HDP’nin cumhurbaşkanlığı seçiminde Kemal Kılıçdaroğlu’na destek vermesi ve HDP Eş Genel Başkanı Buldan'ın milli muharip uçağı ‘Kaan’ ile ilgili açıklamalarına ilişkin de Şentop şunları söyledi:
“Seçimle ilgili her şey konuşulur ama hiçbir seçim galibiyeti tam bağımsız Türkiye’den önemli değil. Bölgemizde önemli gelişmeler oluyor. Avrupa’nın içinde bulunduğu durum, bazı safların netleştirilmesi ile ilgili gelişmeler, bütün bunlar Türkiye’yi merkezi yere koyuyor. Daha önce Türkiye’ye karşı operasyonlar yaparken, artık Türkiye her müdahaleyi yapabilir hale gelmiştir.

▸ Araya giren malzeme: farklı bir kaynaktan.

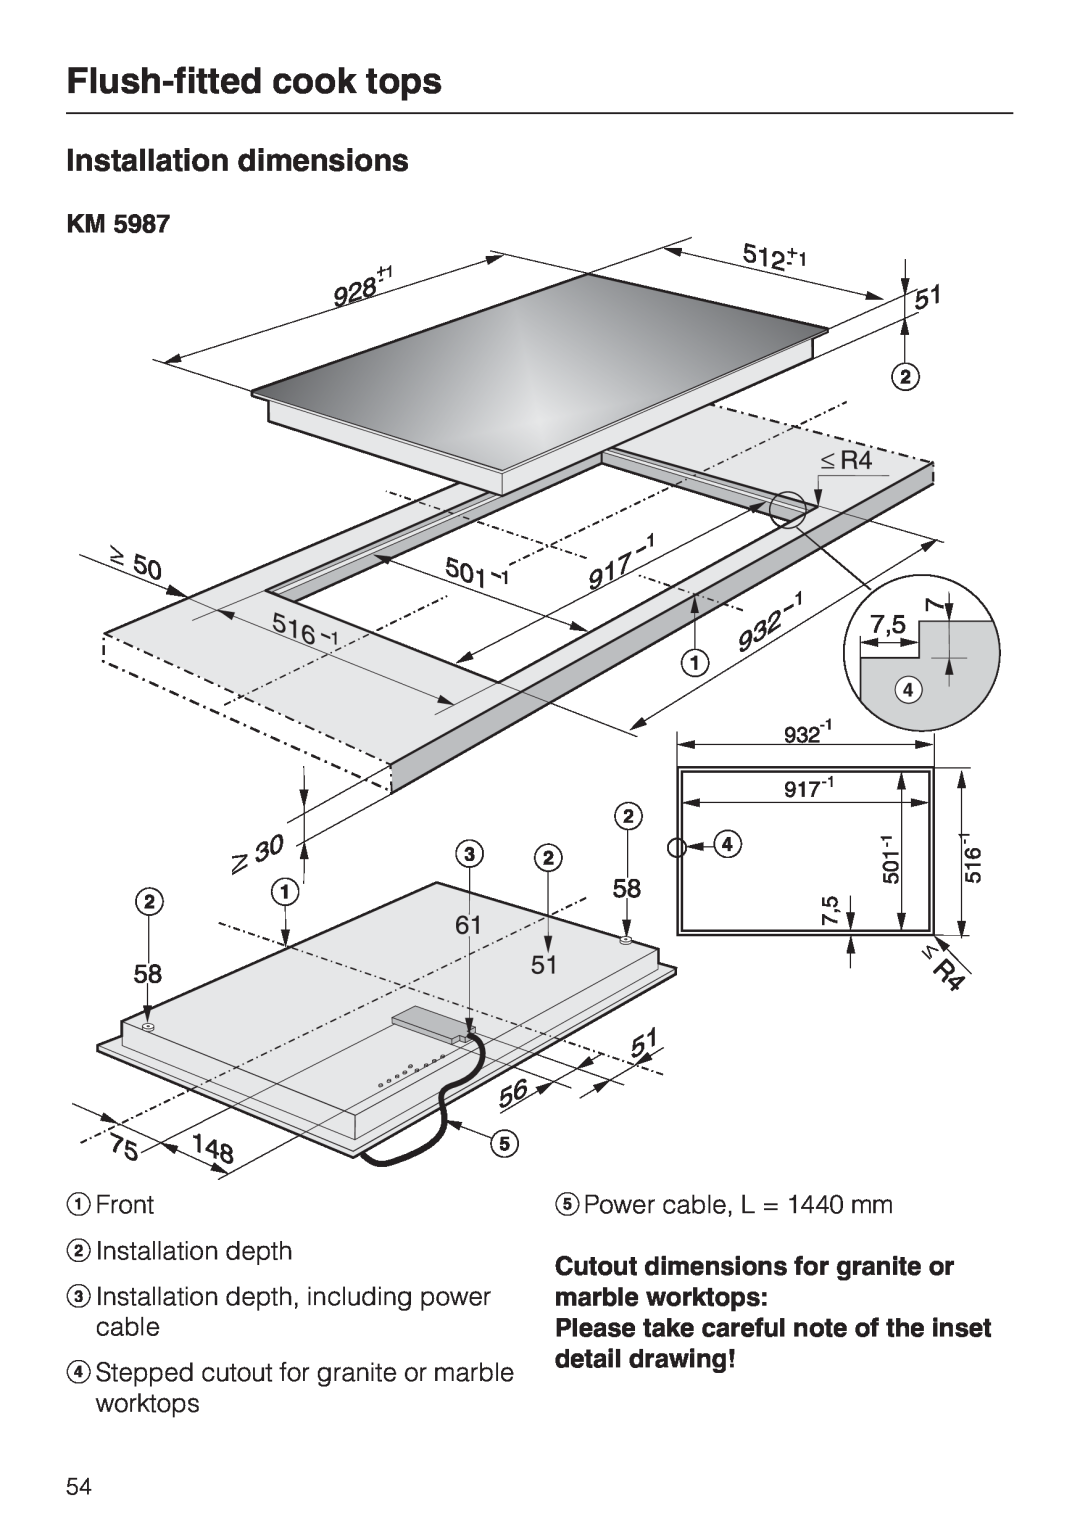 Miele KM 5993, KM 5987 Flush-fittedcook tops, Cutout dimensions for granite or marble worktops, Installation dimensions

Türkiye’nin bu tam bağımsız politikalar izlemesinin arkasında yerli ve milli hamlelerin payı var. Bunu milletimiz iftiharla takip ediyor. Beklenen şudur: Türkiye sınır ötesi operasyonlar gerektiği zaman yapmamalı. Türkiye kuşatılmaya müsaade etmeyecek. Güneyinde ve Suriye’de oluşturulmaya çalışılan senaryoya müsaade etmeyecektir. 20 yıldır devam eden bir süreç. Bunu bozacak şeye milletimiz müsaade etmez.”
Seçimlerle ilgili soruya Şentop, “Seçim suhuletle demokratik olgunlukla gerçekleşecek, Türkiye’nin büyük yürüyüşüne karar verecek. Erdoğan birinci turda kazanacak. Meclisteki çoğunluğun değişmeyeceği kanaatindeyim” ifadelerini kullandı.